For object data I can map two columns into a third, (object) column of tuples

>>> import pandas as pd
>>> df = pd.DataFrame([["A","b"], ["A", "a"],["B","b"]])
>>> df
   0  1
0  A  b
1  A  a
2  B  b

>>> df.apply(lambda row: (row[0], row[1]), axis=1)
0    (A, b)
1    (A, a)
2    (B, b)
dtype: object

(see also Pandas: How to use apply function to multiple columns).
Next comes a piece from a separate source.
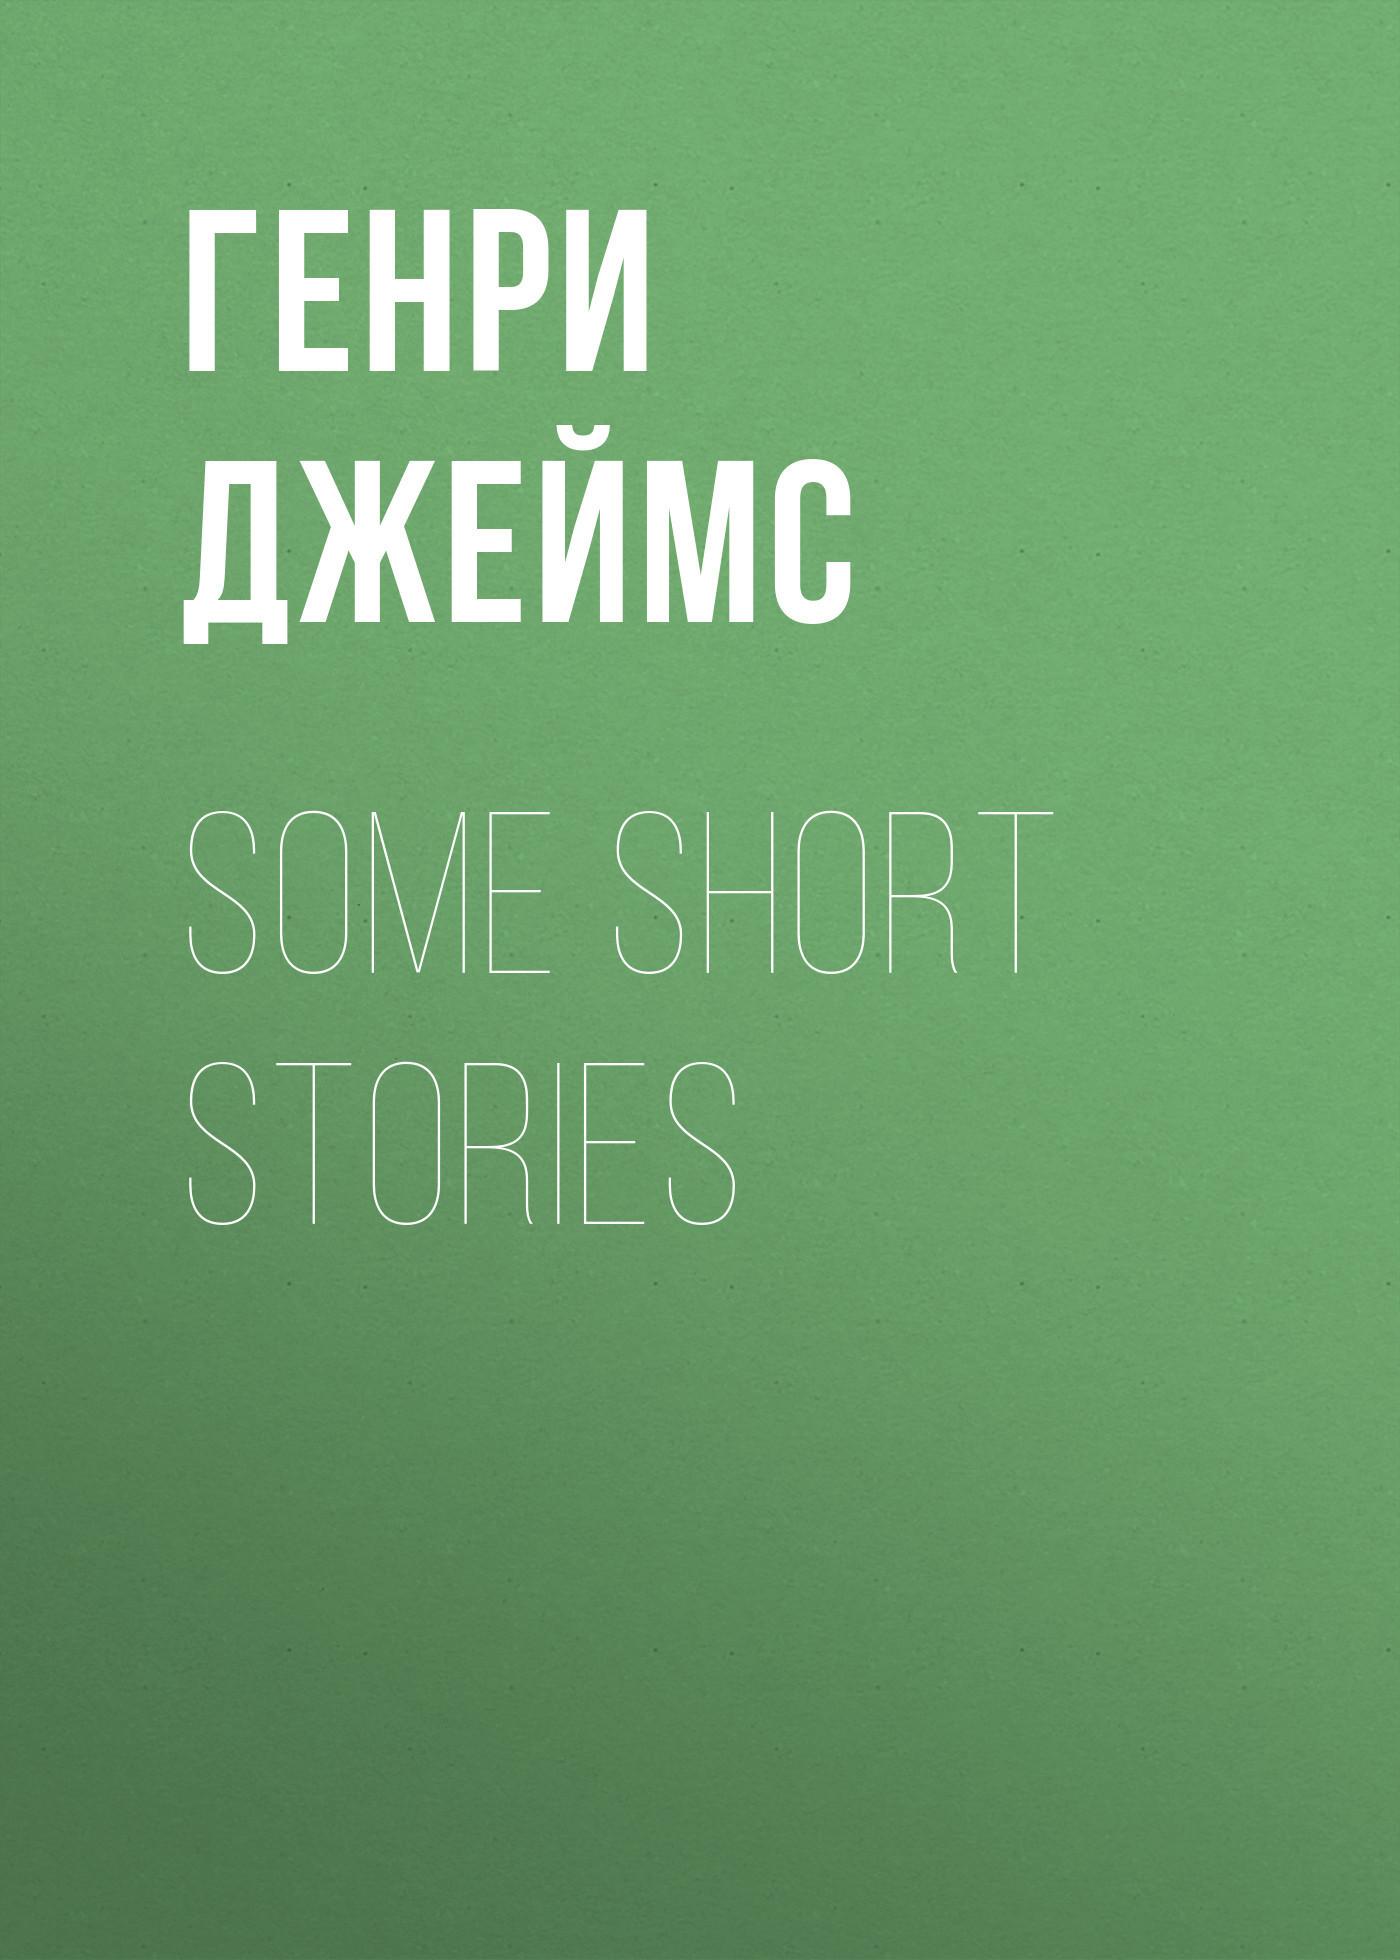 Генри Джеймс Some Short Stories vitaly mushkin erotic stories top ten

However, when I try to do the same thing with numerical columns

>>> df2 = pd.DataFrame([[10,2], [10, 1],[20,2]])
df2.apply(lambda row: (row[0], row[1]), axis=1)
     0     1
0    10    2
1    10    1
2    20    2

so instead of a series of pairs (i.e. [(10,2), (10,1), (20,2)]) I get a DataFrame.

How can I force pandas to actually get a series of pairs? (Preferably, doing it nicer than converting to string and then parsing.)

Martin Thoma
  • 124,992
  • 159
  • 614
  • 958
Piotr Migdal
  • 11,864
  • 9
  • 64
  • 86
  • The former behaviour appears to be a bug (and is fixed in the development branch, but not in 0.12). – Andy Hayden Aug 23 '13 at 00:53
  • Why do you need a `Series` of `tuple`s? Having it as two columns in a `DataFrame` is *much* more flexible IMHO. – Phillip Cloud Aug 23 '13 at 00:55
  • @PhillipCloud It is not for further storing - just I need a series where I have pairs (so I can series.value_counts() to make statistic for pairs - e.g. to calculate mutual information). – Piotr Migdal Aug 23 '13 at 00:59

1 Answers1

4

I don't recommend this, but you can force it:

In [11]: df2.apply(lambda row: pd.Series([(row[0], row[1])]), axis=1)
Out[11]:
         0
0  (10, 2)
1  (10, 1)
2  (20, 2)

Please don't do this.

Two columns will give you much better performance, flexibility and ease of later analysis.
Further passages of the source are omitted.